879: Structural Proof Theory/11
Michael Lee Finney
michael.finney at metachaos.net
Fri Mar 5 01:36:46 EST 2021
> By JUMPS I mean the JUMPS that proof assistants will definitely have
> to make if they are to realize the MOST AMBITIOUS GOALS. And JUMPS
> they will definitely have to make in order to get more and more
> powerful on the MORE REALISTIC GOALS. We should be generating lots of
> toy problems with huge mathematical challenges to meet. My general
> methodology is to GO INTO THE PURE SITUATIONS where one SEVERELY
> LIMITS what the TECH is given, and see what it can realistically find.
> AND HOW IT DOES FIND. That way, JUMPS are seriously confronted. AND
> because of the superclean pared down structure of these setups, THE
> PROSPECTS FOR IMPORTANT FRUITFUL TOY PROBLEMS with tremendously
> interesting THEORETICAL CHALLENGES, is maximized. NOT SO in situations
> where the TECH is given everything with the kitchen sink.
> Harvey Friedman
The problem is that JUMPS, both minor and major, essentially require general
artificial intelligence -- and we have no clue on even how to start with that.

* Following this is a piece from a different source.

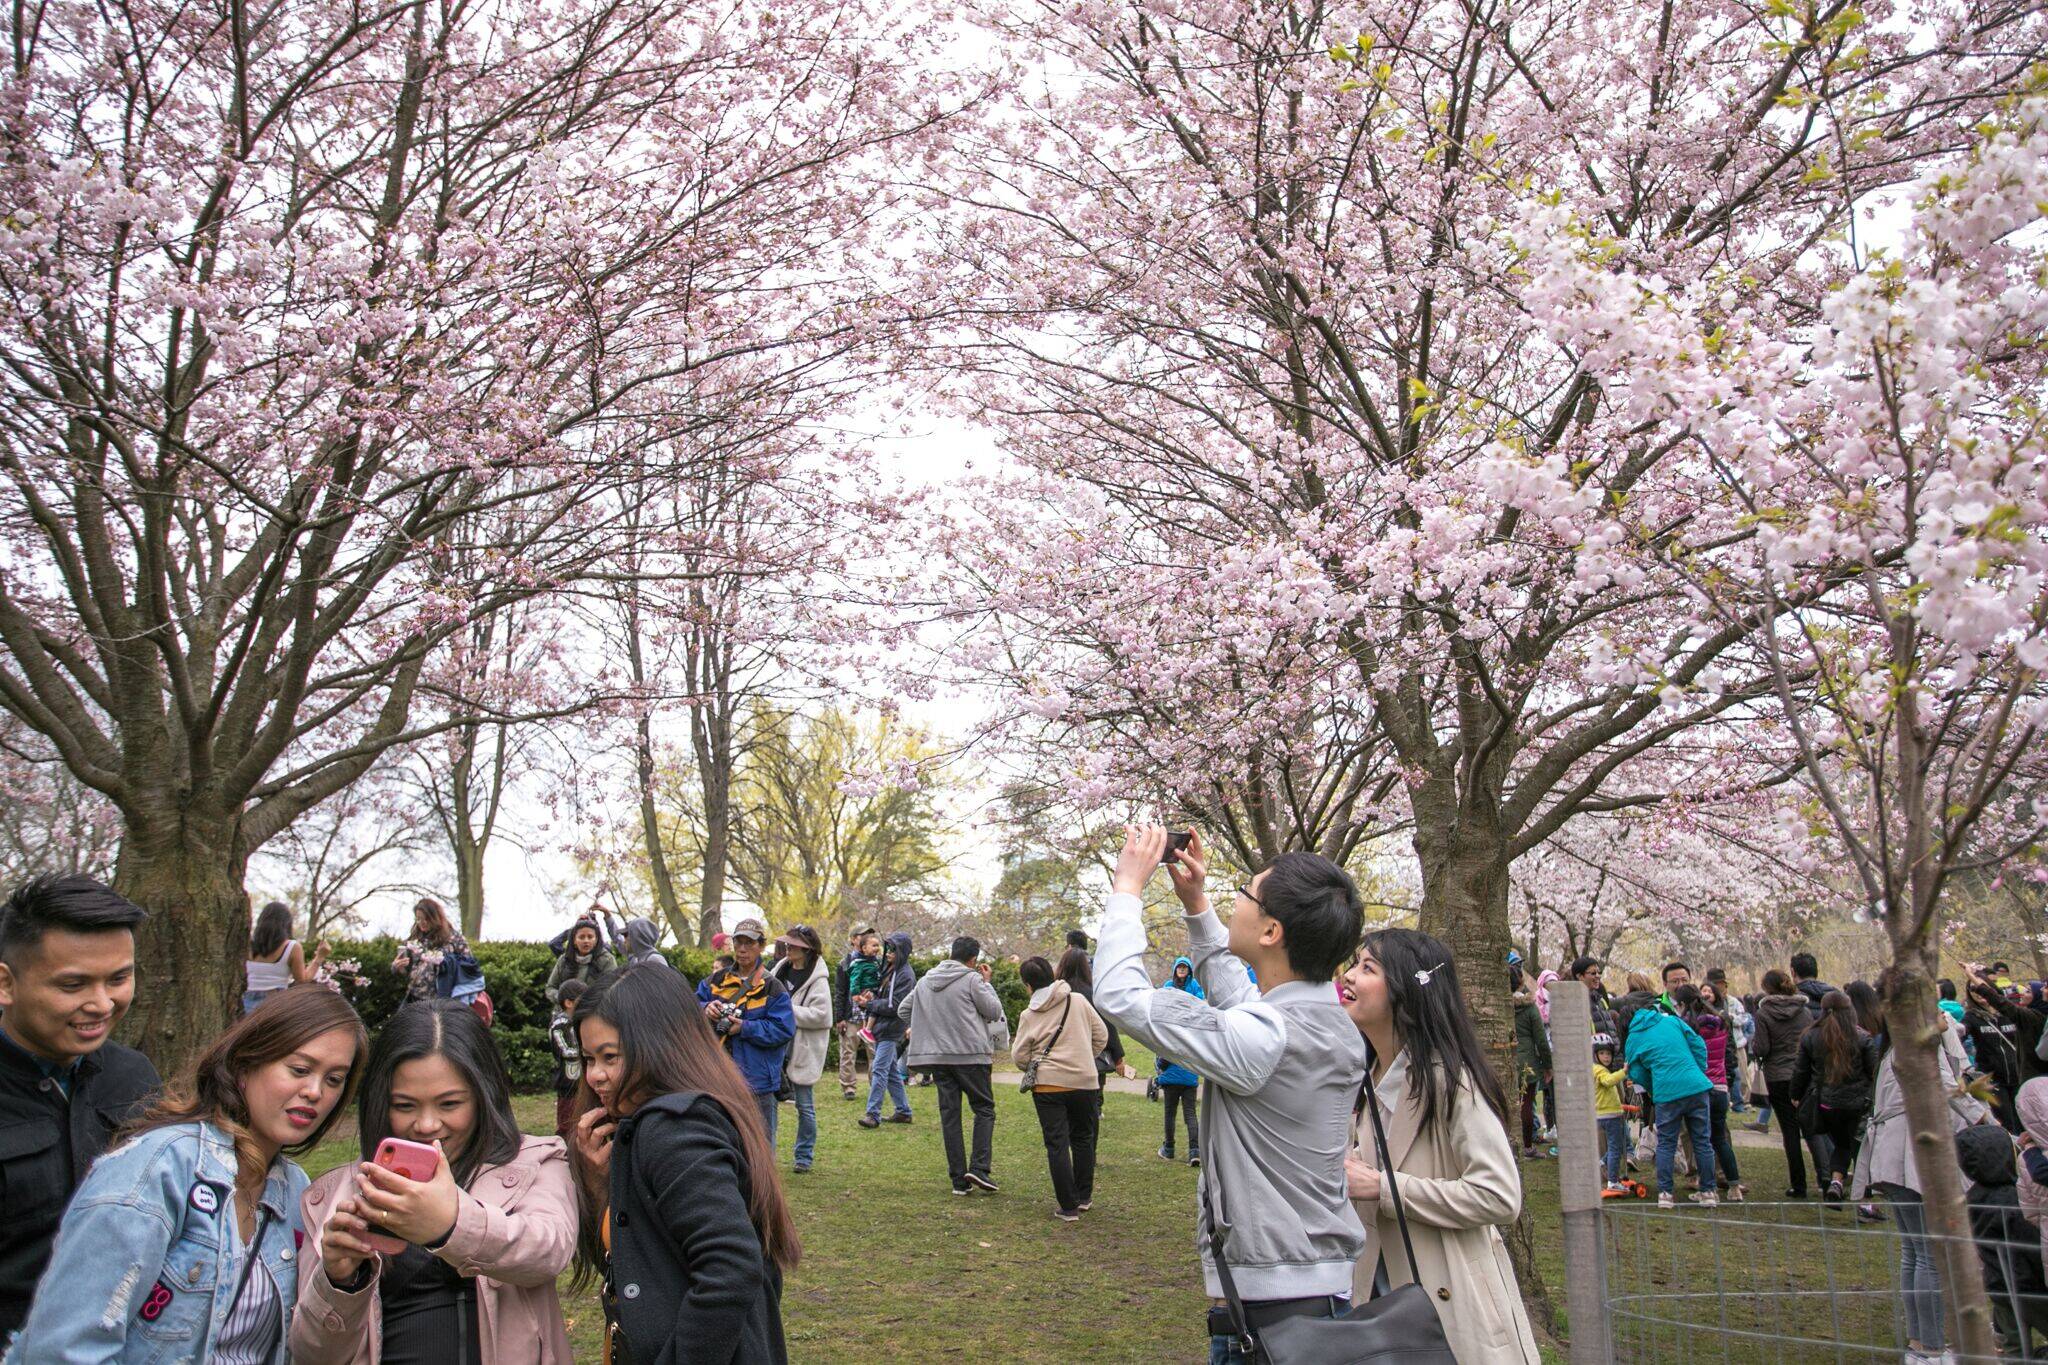 high park cherry blossoms 2020

People have been working on that for a number of decades and exactly zero
progress has been made. If you look at textbooks from 25 years ago, about the
only difference between then and now is a bit of tweaking. And using very large
datasets with very large computers. There is a lot of noise about beating
chess or go master players, self driving cars, language translation, etc. All
of those are great and are wonderful achievements -- but at their heart, they
are just really, really large statistical models using enormous amounts of
data and processing power. Some of it is accomplished by searching huge spaces
with extremely large and powerful computers, combined with a large set of
rules to prune the space. And a large dataset of existing positions with known
solutions.
But, none of that helps with JUMPS. It may help with proof understanding, but
the essence of the technology requires huge amounts of data (think terabytes
or even petabytes -- gigabytes is just a toy student problem). And we probably
don't have enough data to really do a good job there. Understanding proofs is
not the same as natural language understanding, it has its own style and much
of that is understanding what is omitted as much as what is present. Since
many publications are by those who are non-native language speakers, even the
grammar is likely to be an issue.
We are a long, long way from the point that we can handle JUMPS, large or
small. What we can handle is verification and assistants -- especially for
simpler areas such as pure logic. A certain amount of theorem proving can also
be done. But, it requires careful formalization and specification. It isn't
just a matter of stating a theorem and telling the software to "prove it". I
am not acquainted with the current batch of theorem provers, but my
understanding is that most or all of them rely on techniques which
intrinsically assume the law of excluded middle and / or contraposition. That
means that they don't work well in areas without those or where constructive
proofs are desired. I don't see them developing a proof plan from a high
level, and then filling in the blanks. That requires a human level of
understanding of the subject domain.
What might work to some degree is more of a rule based approach combined with
state space searching. That also requires a large database, and almost
certainly custom to a specific area of mathematics. That database would be
similar to the rules of thumb that graduate students learn. That might help in
bridging the gaps and in proof understanding. That might make proof assistants
and verifiers more likely to be able to work with conventional proofs without
the effort required to translate the proof or problem as much as is needed
now.
But, really, the technology is probably many decades away from handling JUMPS
of any nature. JUMPS are what require human level intelligence, and there is
no technology today or on the horizon enabling that. We are all hoping for a
breakthrough any day now, but we have been hoping for that for decades and are
still disappointed.
All of that said, I believe that technology can be of great assistance in
working with most areas of mathematics. Each problem might require custom
software, but that is no different than using technology in other areas.